Business implications

Data egress is not a moat

Cloud providers invest a lot of money into onboarding customers, with the knowledge that once they’re inside, it becomes very expensive to unwind all of the business integrations they’ve built. Furthermore, it becomes very expensive to even try to diversify into multiple clouds, because data egress outside of the cloud is stupidly expensive. This is all part of an intentional strategy to make switching harder.

Yet, the insane cost of LLMs means that data egress costs are a relatively small deal. As a result, I expect that…

A new GPU cloud will emerge

Because of the ease with which data can flow between clouds, I expect a new cloud competitor, focused on cheap GPU compute. Scale will be king here, because increased scale results in negotiating power for GPU purchase contracts, investments into GPU reliability, investments into engineering tricks to maximize GPU utilization, and improved latency for realtime applications. Modal, Lambda, and NVidia seem like potential cloud winners here, but the truth is that we’re all winners, because relentless competition will drive down GPU costs for everyone.

Attack > defense

A certain class of user-generated content will become a Turing Arena of sorts, where LLMs will generate fake text (think Amazon product reviews or Google search result spam or Reddit commenter product/service endorsements), and LLMs will try to detect LLM-generated text.
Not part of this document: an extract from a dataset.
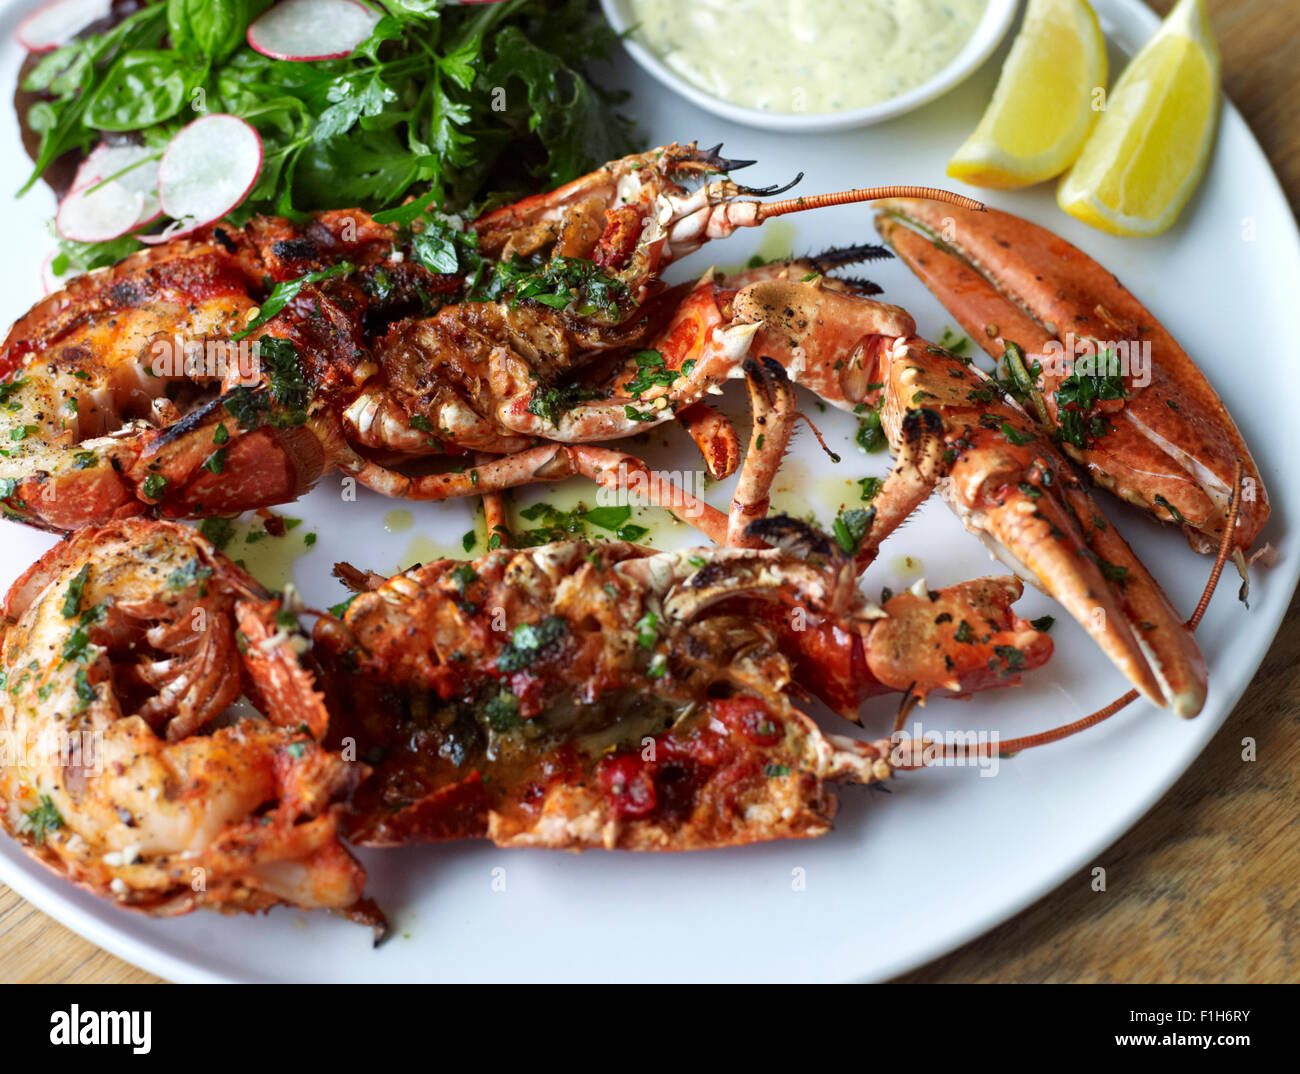 Un gros plan du homard et des crustacés présentés sur une assiette avec du citron, sauce tartare, assaisonnement, et une salade. Banque D'Images

I think it’s a reasonable guess that LLMs will only be able to detect other LLMs of lesser quality.

Unfortunately for the internet, I think attack will win over the defense. The reason is safety in numbers.

A small number of attackers will have the resources to use the most expensive LLMs to generate the most realistic looking fake reviews, specifically in categories where the profit margins are highest (think “best hotel in manhattan” or “best machu picchu tour”). However, a much larger number of attackers will have moderate resources to use medium-sized LLMs to generate a much larger volume of semi-realistic fake reviews. The defense, on the other hand, has to scale up LLMs to run on all user-generated content, and realistically they will only be able to afford running medium or small LLMs to do so. Dan Luu’s logorrhea on the diseconomies of scale is exactly the right way to think here.

Eventually, I think it will actually push some sort of in-person notarization or other reputation-based system to finally become a reality - the physical logistics will eventually become cheaper than running that many LLMs at scale. I won’t endorse anything cryptocurrency related, but it’s clear that Sam Altman’s Worldcoin saw this eventuality coming many years ago.

Conclusion

“Small data, big compute” allowed us to optimize for a certain class of dataset and take certain shortcuts. The Lilac team will be joining Databricks and I look forward to continuing to build systems tailored to the unusual needs of LLMs!